Item
5.02 - Departure of Directors or Certain Officers; Election of Directors; Appointment of Certain Officers; Compensatory Arrangements
of Certain Officers.
(e)
Compensatory Arrangements of Certain Officers:
On
January 20, 2017, Sitestar Corporation (the “Company”) entered into a certain employment agreement with its Chief
Executive Officer, President and Chief Financial Officer of the Company, Steven L. Kiel (the “Kiel Employment Agreement”).
The Kiel Employment Agreement commenced as of January 20, 2017 and continues through December 31, 2018, unless earlier terminated
pursuant to its terms. From and after December 31, 2018, the Kiel Employment Agreement will automatically renew for successive
one-year periods, unless the Company elects not to extend the term upon 90 days’ advance notice to Mr. Kiel.
During
the term of the employment arrangement, Mr. Kiel will continue to serve as the Company’s Chief Executive Officer, President
and Chief Financial Officer. Mr.
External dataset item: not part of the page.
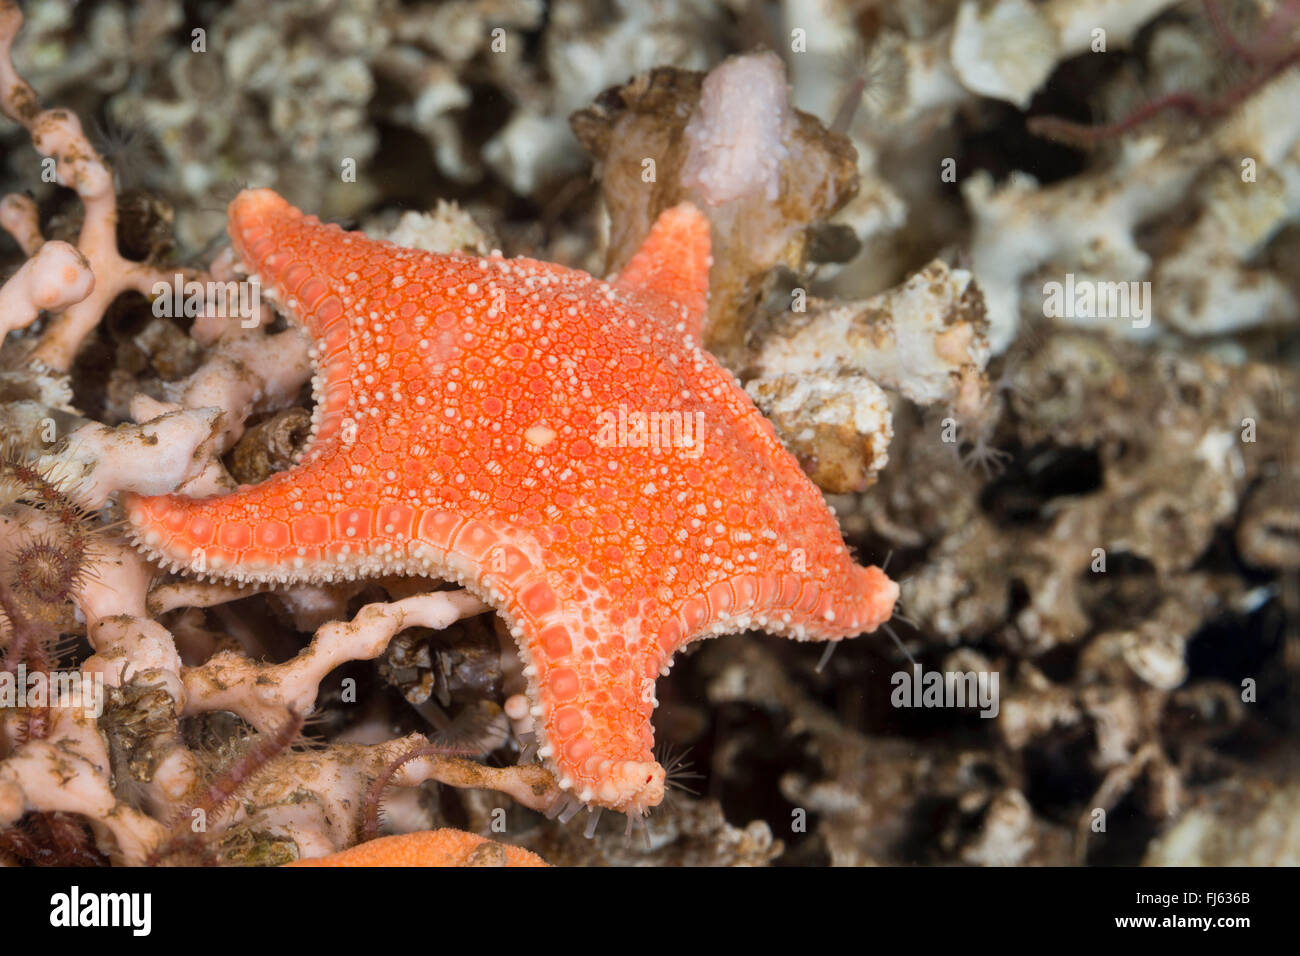 Cojín rígido, Arctic Star (estrella del cojín, Hippasteria Hippasteria phrygiana trojana, Hippasteria insignis), sobre un coral Foto de stock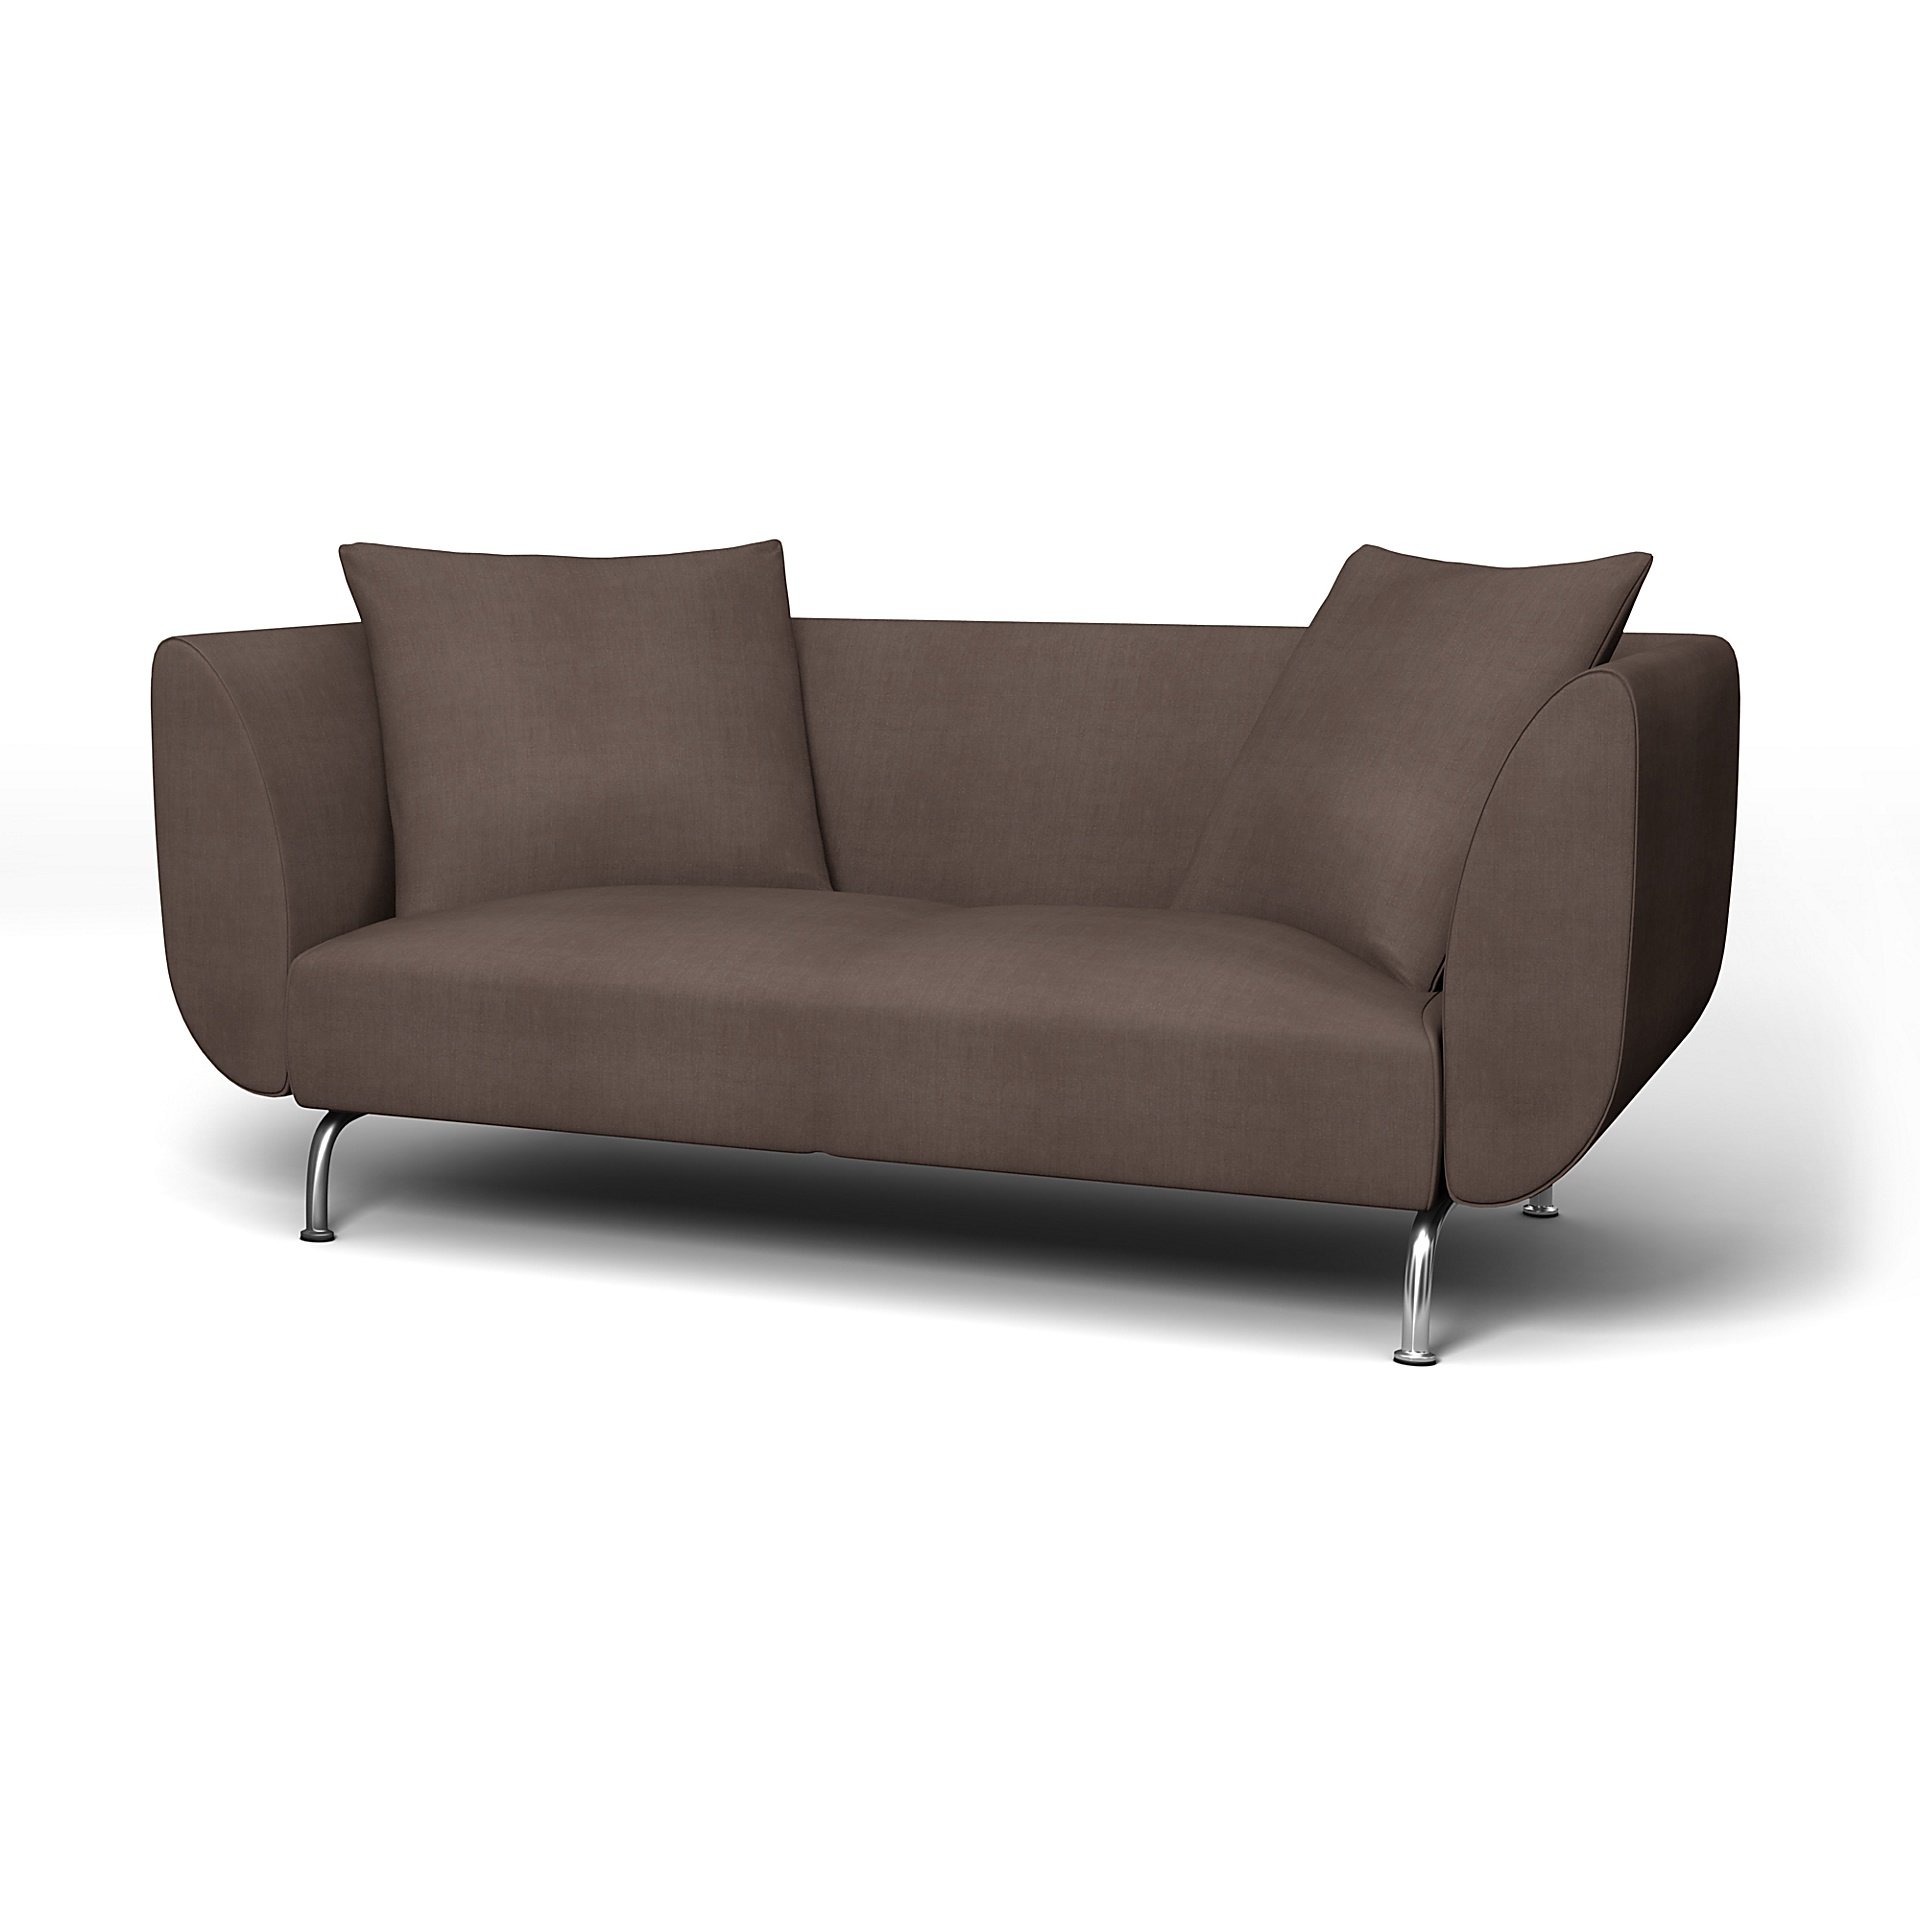 IKEA - Stromstad 2 Seater Sofa Cover, Cocoa, Linen - Bemz

Kiel will be entitled to a base salary at the annualized rate of $100,000 ($8,333.33 monthly)
and will be eligible to receive an annual performance bonus upon meeting certain requirements described below and to participate
in employee benefit plans as the Company may maintain from time to time.
Pursuant
to the Kiel Employment Agreement, Mr. Kiel will be eligible to receive an annual performance bonus, in cash, based on the percentage
growth in the Company’s book value per share during each calendar year, subject to a 5% hurdle. The amount of the annual
bonus will equal a ten times multiple (10X) of the product of (i) Mr. Kiel’s annualized base salary, times (ii) the percentage
increase—in excess of 5%—in the Company’s book value per share at December 31 of the applicable calendar year
over the Company’s book value per share at December 31 of the immediately preceding year. Mr. Kiel must be employed by the
Company as of December 31 of a given calendar year in order to earn and be eligible to receive any annual bonus in respect of
such year. If Mr. Kiel’s employment with the Company terminates as a result of a termination for cause by the Company or
Mr. Kiel’s resignation, then Mr. Kiel will forfeit any earned but unpaid annual bonus.
Pursuant
to the Kiel Employment Agreement, the Company may terminate Mr. Kiel’s employment for “cause” upon the Company’s
determination that Mr. Kiel has committed certain acts enumerated in the Kiel Employment Agreement. The Company otherwise may
terminate Mr. Kiel’s employment, and Mr. Kiel may resign and terminate his employment, at any time for any reason or for
no reason upon five (5) business days’ prior written notice.
In the event that Mr. Kiel’s employment with
the Company terminates as a result of his death or disability, Mr. Kiel will be entitled to payment of his salary through the
date of termination and for a period of two (2) months
thereafter, any previously earned but unpaid annual bonus, any
amounts accrued or payable under any employee benefit plans and any unreimbursed business expenses. In the event that Mr.
Kiel’s employment terminates as a result of a termination for cause by the Company or Mr. Kiel’s resignation, Mr.
Kiel will be entitled to payment of his salary through the date of termination and any unreimbursed business expenses. In the
event that Mr. Kiel’s employment terminates as a result of a termination by the Company without cause, Mr. Kiel will be
entitled to payment of his salary through the date of termination, any previously earned but unpaid annual bonus, any amounts
accrued or payable under any employee benefit plans and any unreimbursed business expenses.
The
description of the Kiel Employment Agreement above is a summary of certain of its material terms, does not purport to be complete,
and is qualified in its entirety by reference, including for other terms and conditions of Mr. Kiel’s arrangement, to the
Kiel Employment Agreement, a copy of which is attached hereto as
Exhibit 10.1
and incorporated into this Item 5.02 by reference.